▸ Problem requirements: Please output exactly the lines below, starting at the line that has "C.D. Peacock Art" and ending at the line that has "REPORT to the CABINET 19 May 2015", both included; leave out all pictures and include nothing else.

▸ Listed records:
=-=-=
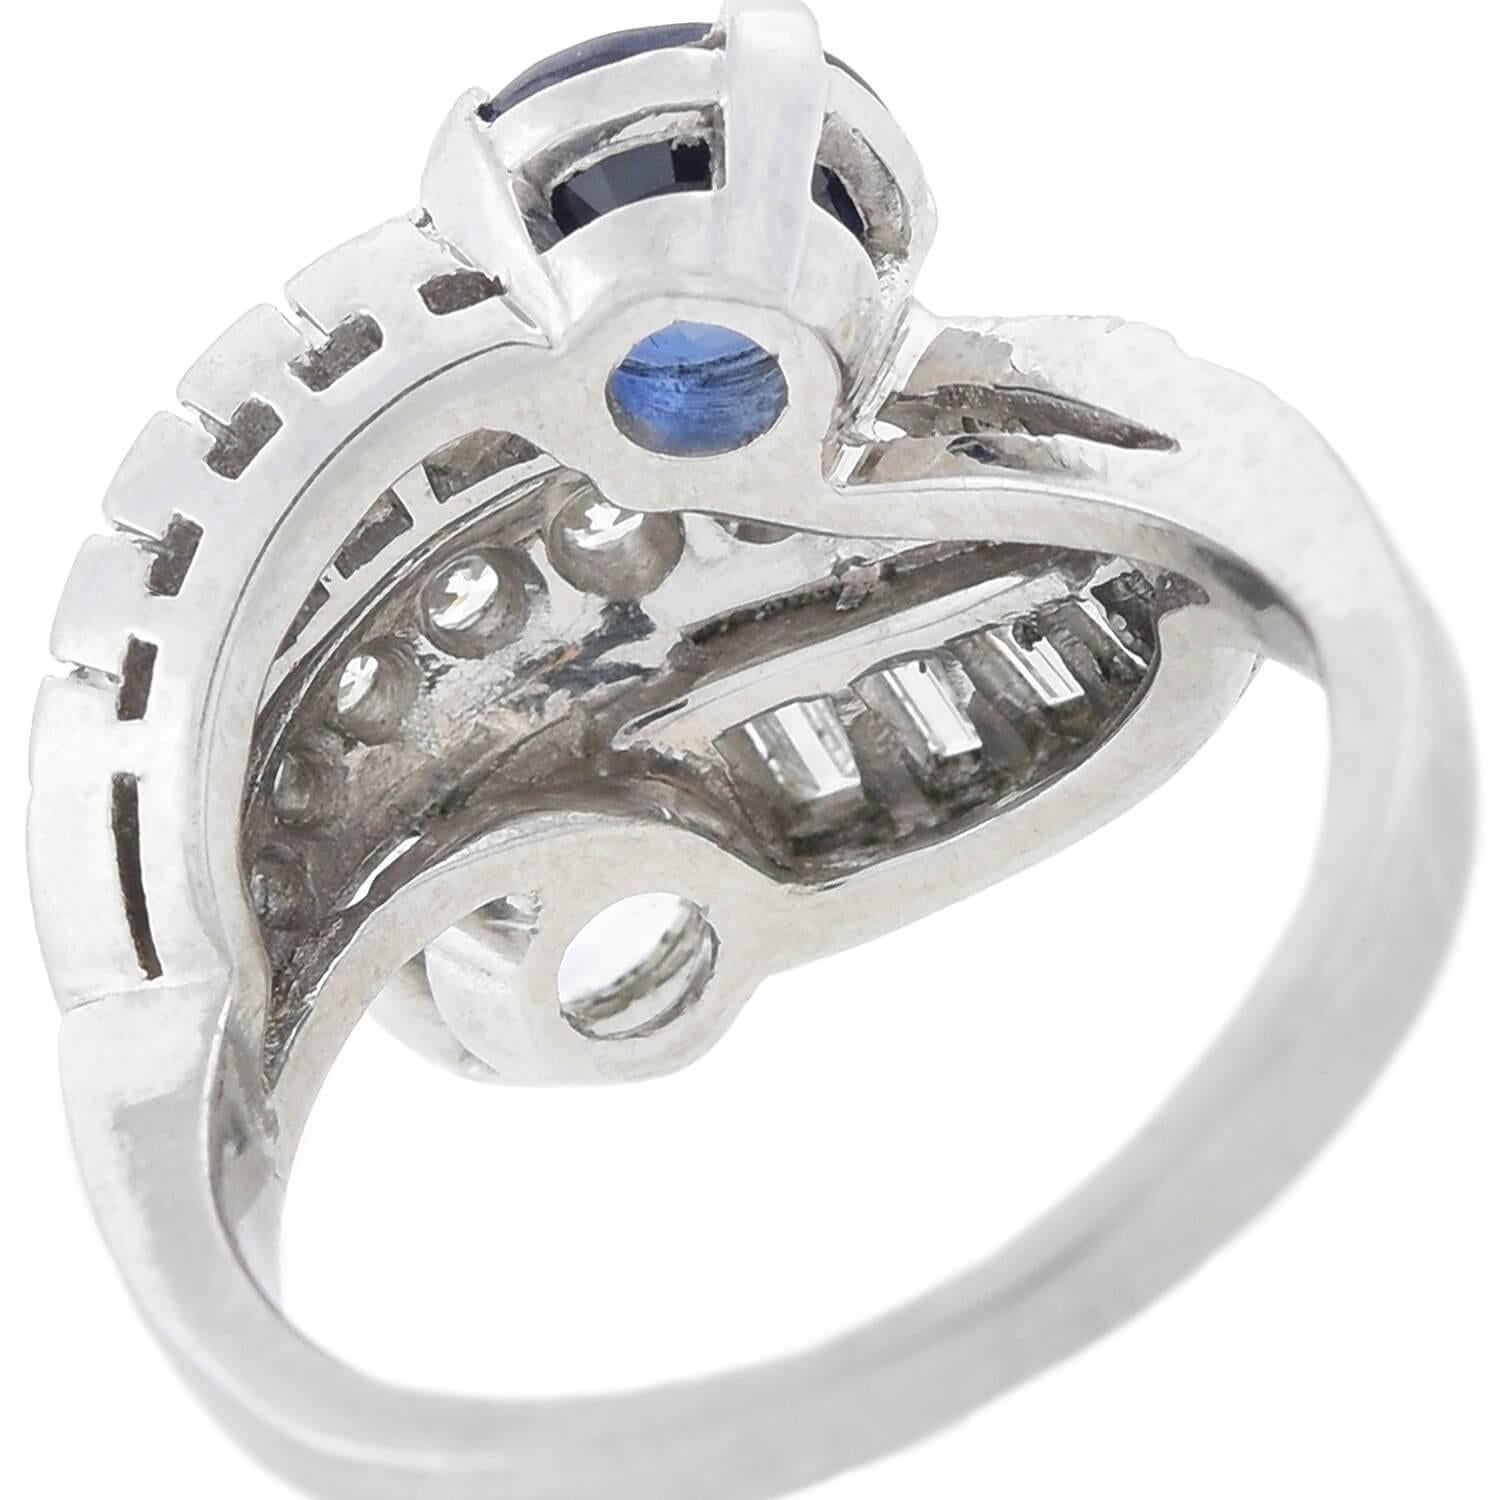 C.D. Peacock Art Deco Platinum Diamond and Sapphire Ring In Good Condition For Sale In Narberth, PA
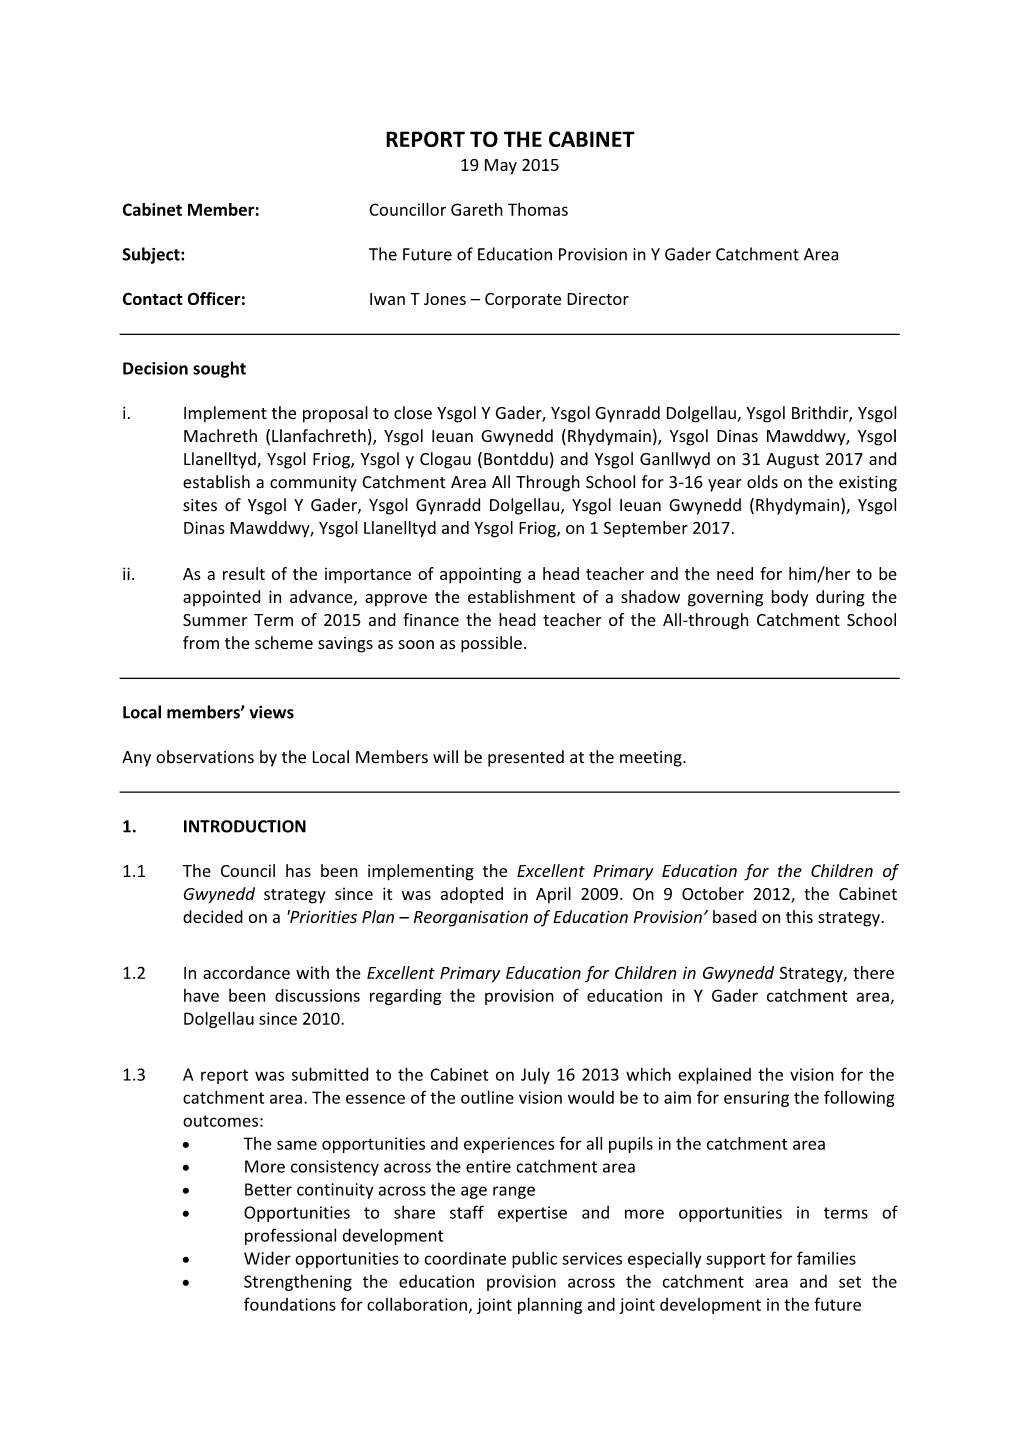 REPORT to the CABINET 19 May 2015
=-=-=
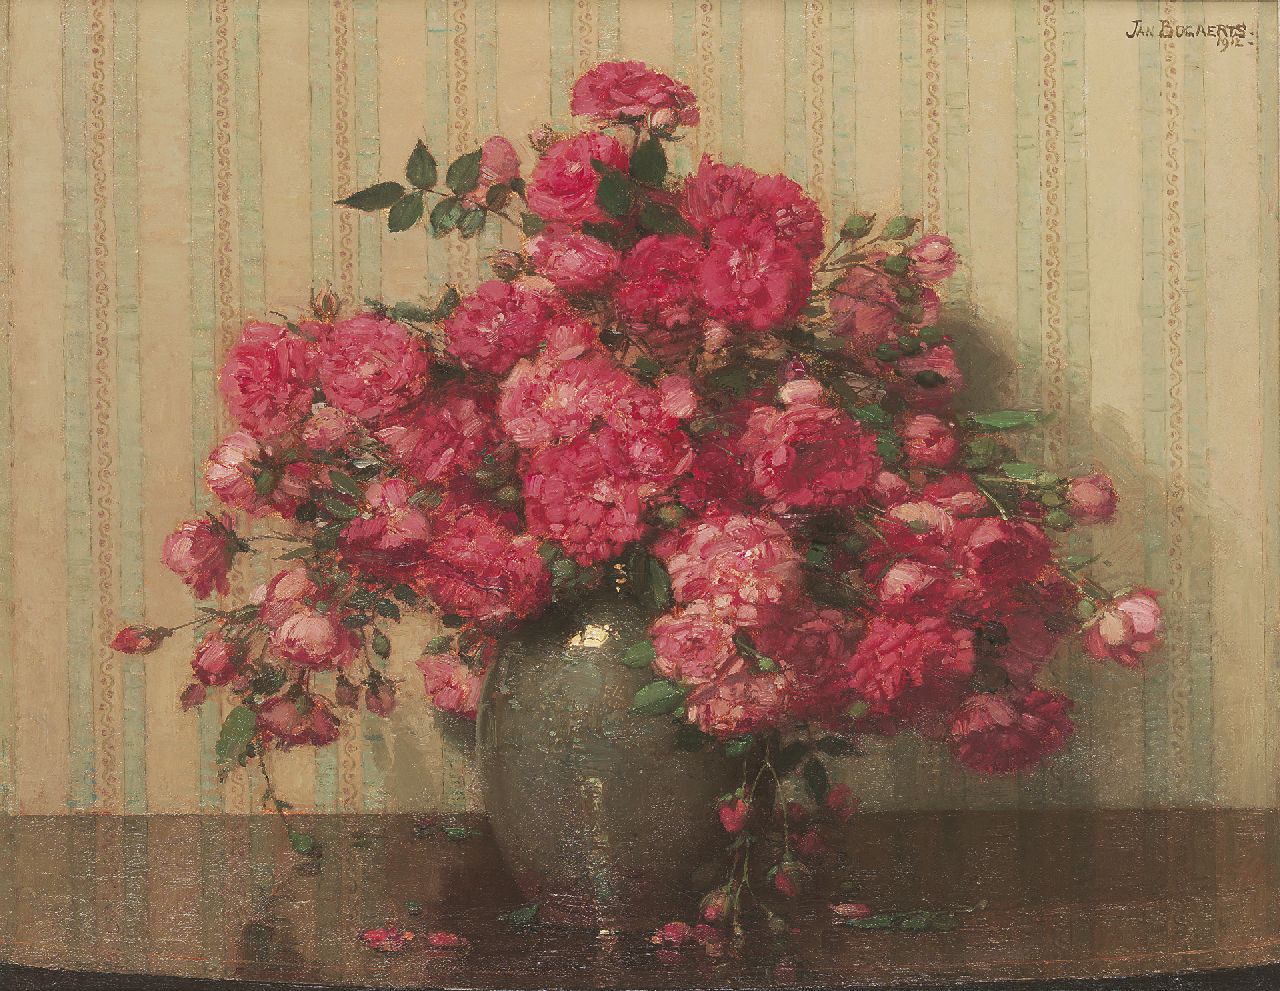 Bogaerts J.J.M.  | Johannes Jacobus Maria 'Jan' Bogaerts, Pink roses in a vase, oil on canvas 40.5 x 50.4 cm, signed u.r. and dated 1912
=-=-=
▸ Result for this exercise:
 C.D. Peacock Art Deco Platinum Diamond and Sapphire Ring In Good Condition For Sale In Narberth, PA
 REPORT to the CABINET 19 May 2015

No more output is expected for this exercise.